TASK PROMPT: Please write out, exactly, every line of the listing from its first line through the one that includes "This is a wonderful".
[Opening DATA RECORDS section]
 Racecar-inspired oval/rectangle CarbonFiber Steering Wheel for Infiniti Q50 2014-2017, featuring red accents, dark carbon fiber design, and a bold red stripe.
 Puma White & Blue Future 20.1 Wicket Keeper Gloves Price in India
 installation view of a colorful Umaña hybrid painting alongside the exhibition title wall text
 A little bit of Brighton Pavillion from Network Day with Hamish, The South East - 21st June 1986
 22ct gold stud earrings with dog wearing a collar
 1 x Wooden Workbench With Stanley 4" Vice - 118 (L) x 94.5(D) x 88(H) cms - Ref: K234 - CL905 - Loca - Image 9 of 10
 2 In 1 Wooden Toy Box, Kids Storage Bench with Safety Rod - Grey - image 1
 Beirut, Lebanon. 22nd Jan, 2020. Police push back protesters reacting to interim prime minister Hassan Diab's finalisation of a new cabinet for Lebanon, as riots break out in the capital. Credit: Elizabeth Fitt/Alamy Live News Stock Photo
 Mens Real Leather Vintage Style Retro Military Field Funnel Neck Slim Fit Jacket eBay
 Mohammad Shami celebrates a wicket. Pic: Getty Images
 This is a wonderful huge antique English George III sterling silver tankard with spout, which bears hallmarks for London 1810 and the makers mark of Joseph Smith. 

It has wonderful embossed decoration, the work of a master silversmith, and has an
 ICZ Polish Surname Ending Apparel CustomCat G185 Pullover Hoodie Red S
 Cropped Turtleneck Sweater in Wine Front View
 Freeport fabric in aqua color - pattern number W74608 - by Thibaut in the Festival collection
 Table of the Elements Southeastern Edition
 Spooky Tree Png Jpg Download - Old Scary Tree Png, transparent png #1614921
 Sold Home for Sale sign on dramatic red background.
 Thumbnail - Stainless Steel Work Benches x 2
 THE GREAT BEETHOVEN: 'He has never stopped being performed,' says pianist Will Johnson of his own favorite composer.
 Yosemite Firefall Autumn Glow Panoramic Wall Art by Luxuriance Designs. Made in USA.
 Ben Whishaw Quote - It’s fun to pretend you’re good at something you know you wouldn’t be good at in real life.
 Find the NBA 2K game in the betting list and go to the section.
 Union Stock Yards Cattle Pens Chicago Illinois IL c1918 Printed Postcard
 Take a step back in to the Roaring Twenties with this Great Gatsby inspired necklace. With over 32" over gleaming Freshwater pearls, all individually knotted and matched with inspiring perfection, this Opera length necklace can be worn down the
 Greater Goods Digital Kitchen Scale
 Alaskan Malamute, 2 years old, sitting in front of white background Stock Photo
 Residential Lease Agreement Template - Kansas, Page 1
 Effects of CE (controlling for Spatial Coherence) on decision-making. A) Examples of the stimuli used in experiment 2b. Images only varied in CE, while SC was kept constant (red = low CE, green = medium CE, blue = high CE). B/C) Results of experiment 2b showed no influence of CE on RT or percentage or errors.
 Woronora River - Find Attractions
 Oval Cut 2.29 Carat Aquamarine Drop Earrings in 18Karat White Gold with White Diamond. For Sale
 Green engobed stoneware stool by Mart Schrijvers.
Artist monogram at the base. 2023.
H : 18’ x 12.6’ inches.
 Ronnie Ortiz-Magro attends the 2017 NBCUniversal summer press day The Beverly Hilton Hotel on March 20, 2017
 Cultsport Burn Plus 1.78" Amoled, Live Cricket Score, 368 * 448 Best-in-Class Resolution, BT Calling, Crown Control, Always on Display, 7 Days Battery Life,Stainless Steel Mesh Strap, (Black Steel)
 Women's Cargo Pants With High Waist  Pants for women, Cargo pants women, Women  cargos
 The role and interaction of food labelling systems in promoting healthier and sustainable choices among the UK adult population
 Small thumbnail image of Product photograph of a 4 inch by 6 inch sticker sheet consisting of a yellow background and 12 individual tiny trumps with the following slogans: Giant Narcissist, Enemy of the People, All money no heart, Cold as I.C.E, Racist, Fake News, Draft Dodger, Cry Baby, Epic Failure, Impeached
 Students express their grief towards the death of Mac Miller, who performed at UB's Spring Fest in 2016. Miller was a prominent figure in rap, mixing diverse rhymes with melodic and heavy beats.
[Closing DATA RECORDS section]
RESULT OF THE EXERCISE:
 Racecar-inspired oval/rectangle CarbonFiber Steering Wheel for Infiniti Q50 2014-2017, featuring red accents, dark carbon fiber design, and a bold red stripe.
 Puma White & Blue Future 20.1 Wicket Keeper Gloves Price in India
 installation view of a colorful Umaña hybrid painting alongside the exhibition title wall text
 A little bit of Brighton Pavillion from Network Day with Hamish, The South East - 21st June 1986
 22ct gold stud earrings with dog wearing a collar
 1 x Wooden Workbench With Stanley 4" Vice - 118 (L) x 94.5(D) x 88(H) cms - Ref: K234 - CL905 - Loca - Image 9 of 10
 2 In 1 Wooden Toy Box, Kids Storage Bench with Safety Rod - Grey - image 1
 Beirut, Lebanon. 22nd Jan, 2020. Police push back protesters reacting to interim prime minister Hassan Diab's finalisation of a new cabinet for Lebanon, as riots break out in the capital. Credit: Elizabeth Fitt/Alamy Live News Stock Photo
 Mens Real Leather Vintage Style Retro Military Field Funnel Neck Slim Fit Jacket eBay
 Mohammad Shami celebrates a wicket. Pic: Getty Images
 This is a wonderful huge antique English George III sterling silver tankard with spout, which bears hallmarks for London 1810 and the makers mark of Joseph Smith. 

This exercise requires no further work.